Dawn Wilson, managing director of TUI Northern Region Airlines – TUI Airways and TUIfly Nordic speaks to Ian Taylor about flying towards an eco future
Aviation remains vital to travel and destination communities, and there is no immediate prospect of replacing carbon as a fuel. So what can the industry do about climate change?
Dawn Wilson explains: “I’ve worked in aviation for over 30 years and seen many changes. The one consistent theme is the opportunities, investments and stability aviation, travel and tourism bring to many regions that are otherwise disadvantaged. Without aviation many destinations would be practically unreachable. Our goal should be to fulfil aviation’s role with the smallest possible environmental impact.
Do you see increased concern about climate change?
Responsible tourism and climate change have become a core focus for TUI. Our employees and customers expect us to be doing everything we can to make a positive impact in the destinations we fly to.
We regularly debate how to become more sustainable and responsible. My Nordic colleagues are most concerned about climate change, which isn’t surprising as Greta Thunberg’s Fridays for the Future movement started in Sweden. This has made them and their customers more engaged.
We’re mindful that the travel and tourism industry contributes around 5% of global carbon emissions, with half arising from aviation, therefore a reduction in global carbon emissions is essential. As an airline that provides flying for a tour operator, we also know that quality holiday experiences depend on beautiful, biodiverse destinations, thriving communities, stable weather systems and customer comfort.
How is the industry responding?
Aviation is one of the most challenging sectors to decarbonise. TUI Airways has invested in new aircraft, flying the 787 Dreamliner on all our long-haul routes.

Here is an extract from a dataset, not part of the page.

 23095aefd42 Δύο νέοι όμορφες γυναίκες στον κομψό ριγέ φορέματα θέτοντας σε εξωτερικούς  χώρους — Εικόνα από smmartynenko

As an industry we have developed Iata’s goals for carbon-neutral growth from 2020, and from 2050 the aim is for CO2 emissions to be half what they were in 2005. The Carbon Offsetting and Reduction Scheme for International Aviation (Corsia), which starts from 2020, is key to this.
I’m proud aviation will be the first industry in the world to have a global carbon emissions mechanism in place. Offsetting provides an international solution for aviation.
Other low-carbon solutions can be developed like Sustainable Aviation Fuel (SAF), produced from renewable sources such as municipal waste. This has the potential to reduce lifecycle emissions from aviation fuel by up to 80% compared with fossil fuels.
Unfortunately, only a fraction of the demand for SAF in Europe can be met at the moment which results in high prices and poses a major barrier. We believe incentivising production of SAF would be the preferable way of reducing carbon emissions.
What are TUI airlines’ doing to be more carbon-efficient?
Reducing the carbon footprint of our airline operations is a crucial element of our Better Holidays, Better World strategy.
Due to our modern fleet and fuel conservation efforts, TUI’s airlines now emit 19% less CO2 than the average at Europe’s six largest airlines.
Our two largest carriers, TUI Airways in the UK and TUIfly in Germany ranked first and fourth in the 2018 Atmosfair index of the world’s most-carbon efficient airlines. But we believe more can be done.
We are completing trials using a blend of sustainable aviation fuels and involved in industry initiatives such as the Sustainable Aviation Fuel Users Group and BioPort Holland to help scale sustainable fuels of the future.